Say a new node is added first, and then the cluster protection is changed to the recommend level for the new configuration, the process would look like:
1) Add a new node to the cluster
2) Let rebalance finish
3) Configure the data protection level to +3d:1n1d
4) Allow the restriper to complete the re-protection
However, by addressing the protection level change first, all the data restriping can be performed more efficiently and in a single step:
1) Change the protection level setting to +3d:1n1d
2) Add nodes (immediately after changing the protection level)
3) Let rebalance finish
In addition to reducing the amount of work the cluster has to do, this streamlined process also has the benefit of getting data re-protected at the new recommended level more quickly.
OneFS protects and balances data by writing file blocks across multiple drives on different nodes. This process is known as ‘restriping’ in Isilon jargon. The Job Engine defines a restripe exclusion set that contains those jobs which involve file system management, protection and on-disk layout. The restripe set encompasses the following jobs:
Balance free space in a cluster
Scans file system after device failure to ensure all files remain protected
Locate and clear media-level errors from disks
Runs AutoBalance and Collect jobs concurrently
Applies the default file policy (unless SmartPools is activated)
Protect shadow stores
Protects and moves data between tiers of nodes within cluster
Manages OneFS version upgrades
Each of the Job Engine jobs has an associated restripe goal, which can be displayed with the following command:
# isi_gconfig -t job-config | grep restripe_goal
The different restriper functions operate as follows, where each in the path is a superset of the previous:
The following table describes the action and layout goal of each restriper function:
Always restripe using the retune layout goal.
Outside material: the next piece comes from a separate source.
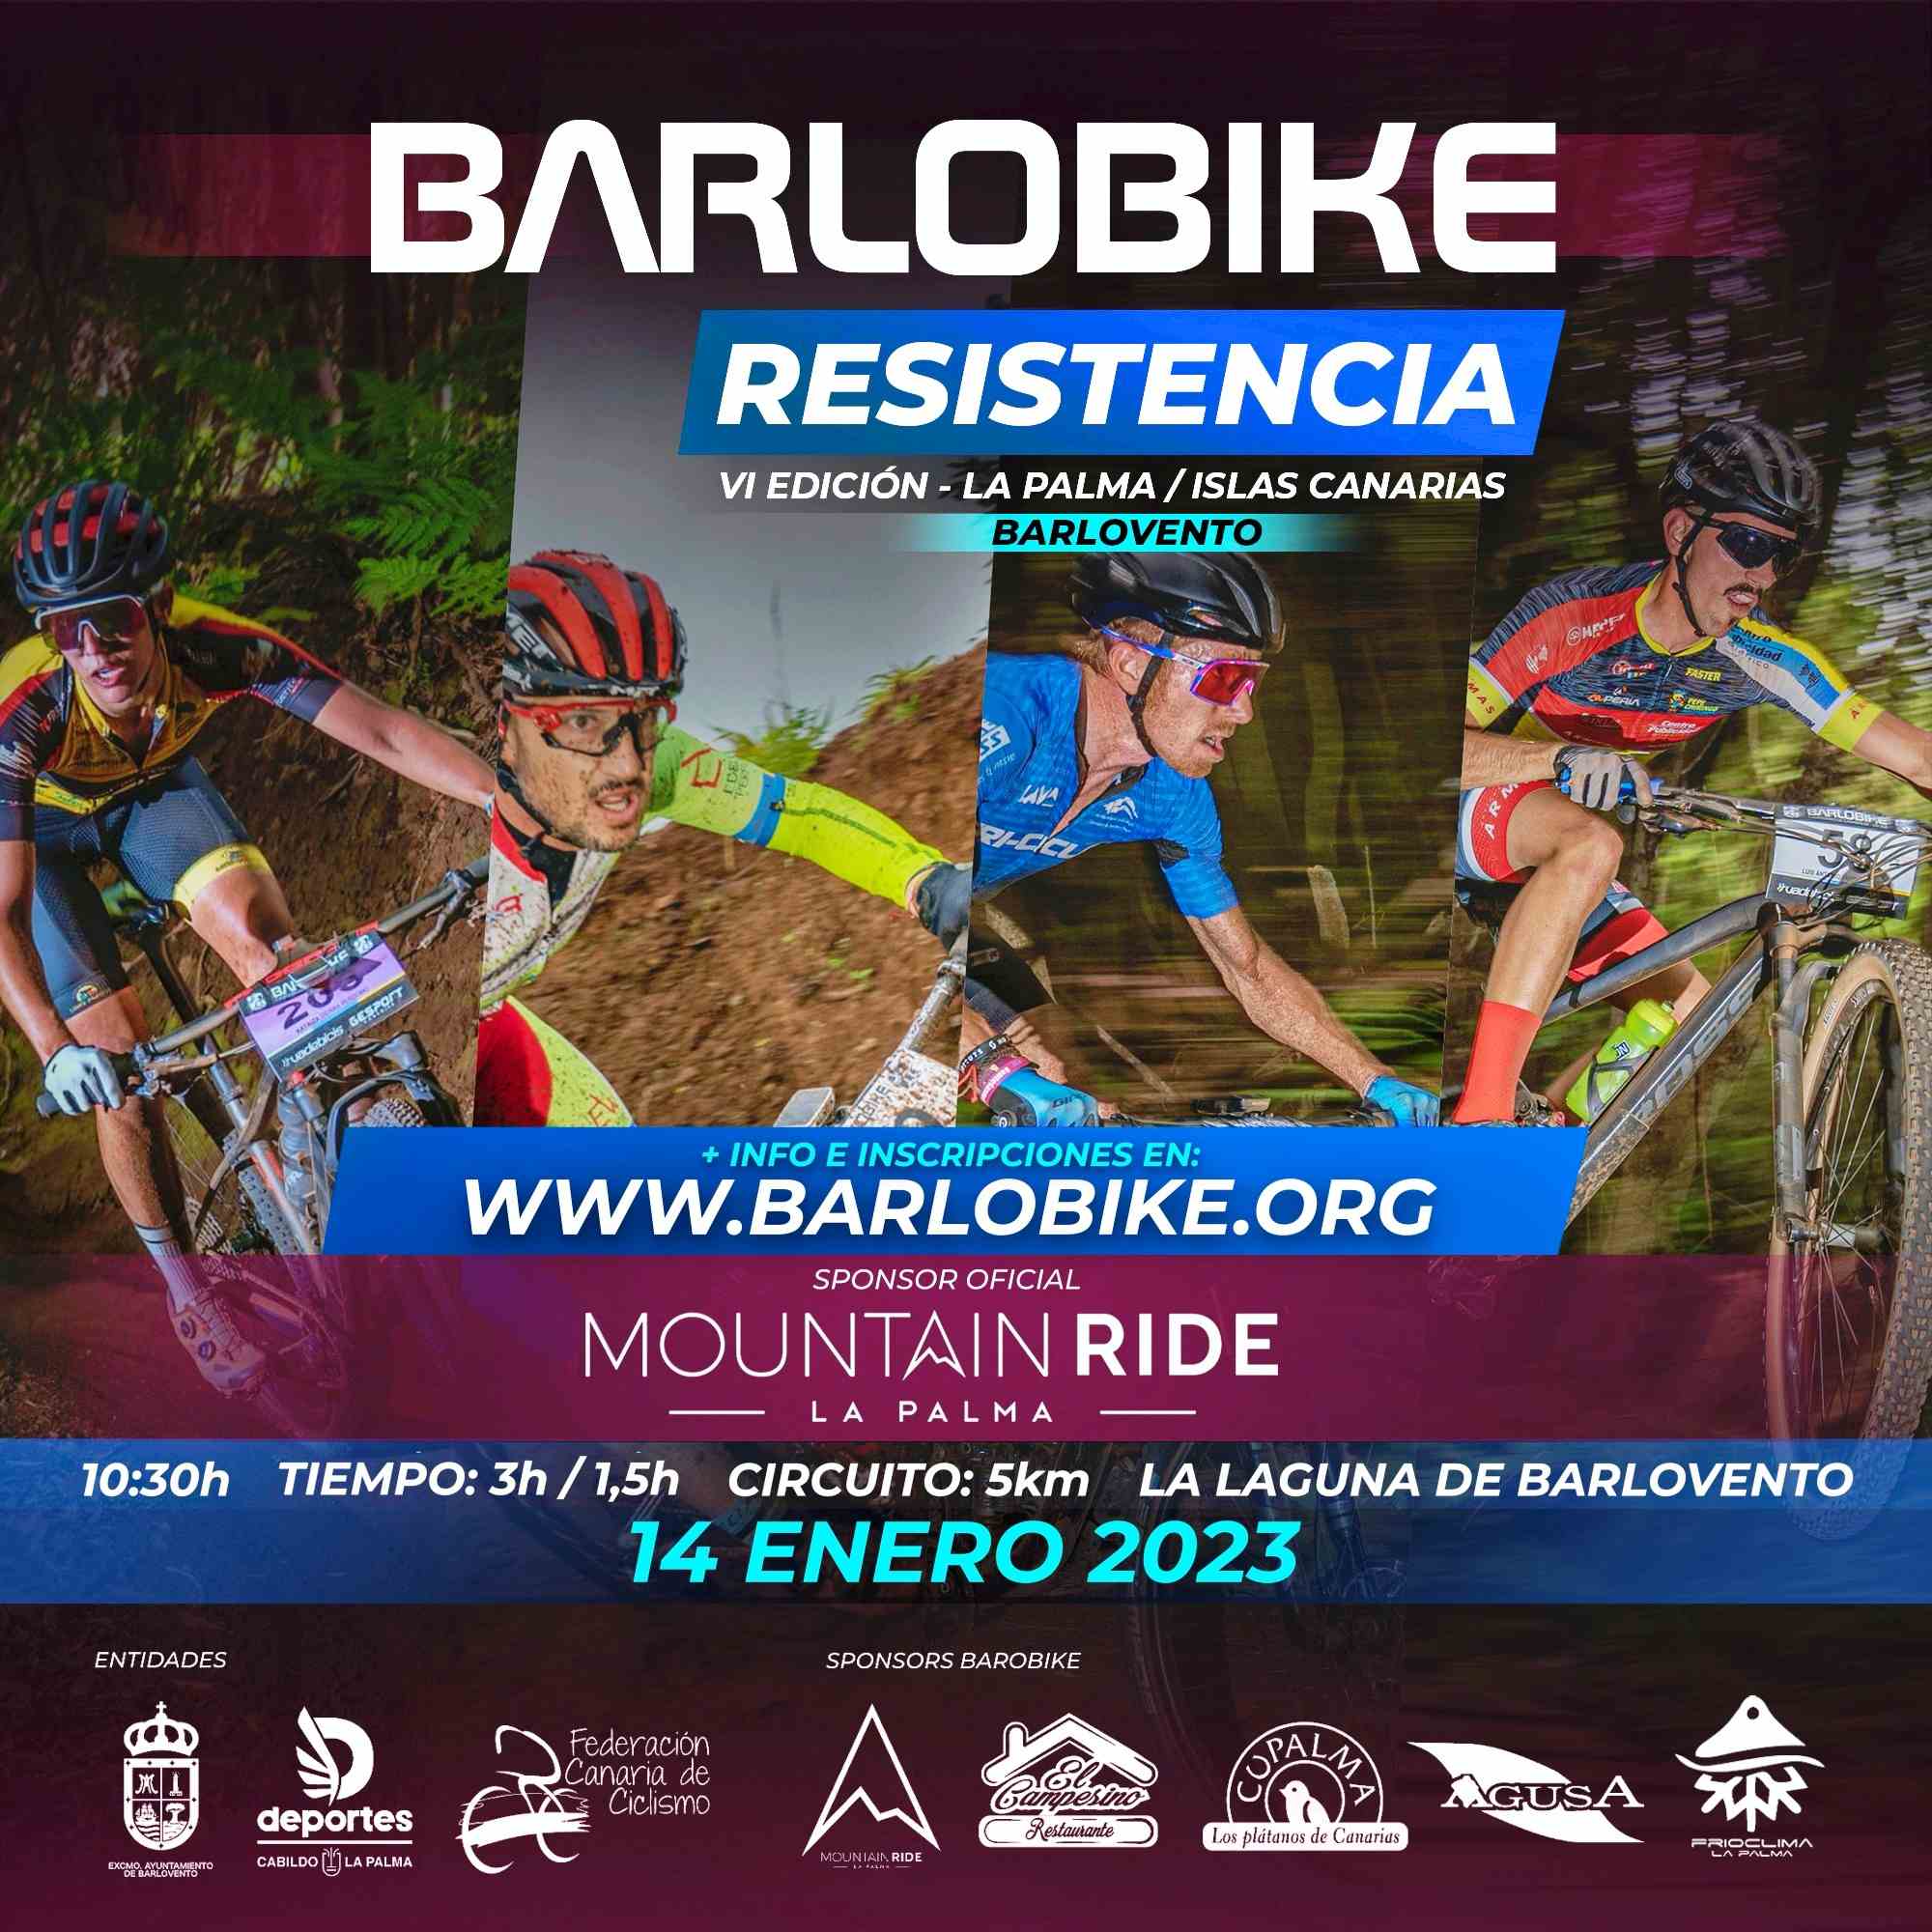 BARLOBIKE XC0 RESISTENCIA 2023 - Iscriviti

Originally intended to optimize layout for performance, but has instead become a synonym for ‘force restripe’.
Attempt to balance utilization between drives etc. Also address all conditions implied by REPROTECT.
Change the protection level to more closely match the policy if the current cluster state allows wider striping or more mirrors. Re-evaluate the disk pool policy and SSD strategy. Also address all conditions implied by REPAIR.
Replaces any references to restripe_from (down/smartfailed) components. Also fixes recovered writes.
Here’s how the various Job Engine jobs (as reported by the isi_gconfig –t job-config command above) align with the four restriper goals:
The retune goal moves the current disk pool to the bottom of the list, increasing the likelihood (but not guaranteeing) that another pool will be selected as the restripe target. This is useful, for example, in the event of a significant drive loss in one of the disk pools that make up the node’s pool (eg. disk pool 4 suffers loss of 2+ drives and it becomes > 90% full). Using a retune goal more ‘quickly’ forces rebalance to the other pools.
So, an efficient approach to the earlier cluster expansion scenario is to change protection and then add the new node. A procedure for this is as follows:
1. Reconfigure the protection level to the recommended setting for the appropriate node pool(s). This can be done from the WebUI by navigating to File System > Storage Pools > SmartPools and editing the appropriate node pool(s):
2. Especially for larger clusters (ie. twenty nodes or more), of if there’s a mix of node hardware generations, it’s helpful to do some prep work upfront prior to adding a node. Prior to adding node(s):
a. Image any new node to the same OneFS version that the cluster is running.
b. Ensure that any new nodes have the correct versions of node and drive firmware, plus any patches that may have been added, before joining to the cluster.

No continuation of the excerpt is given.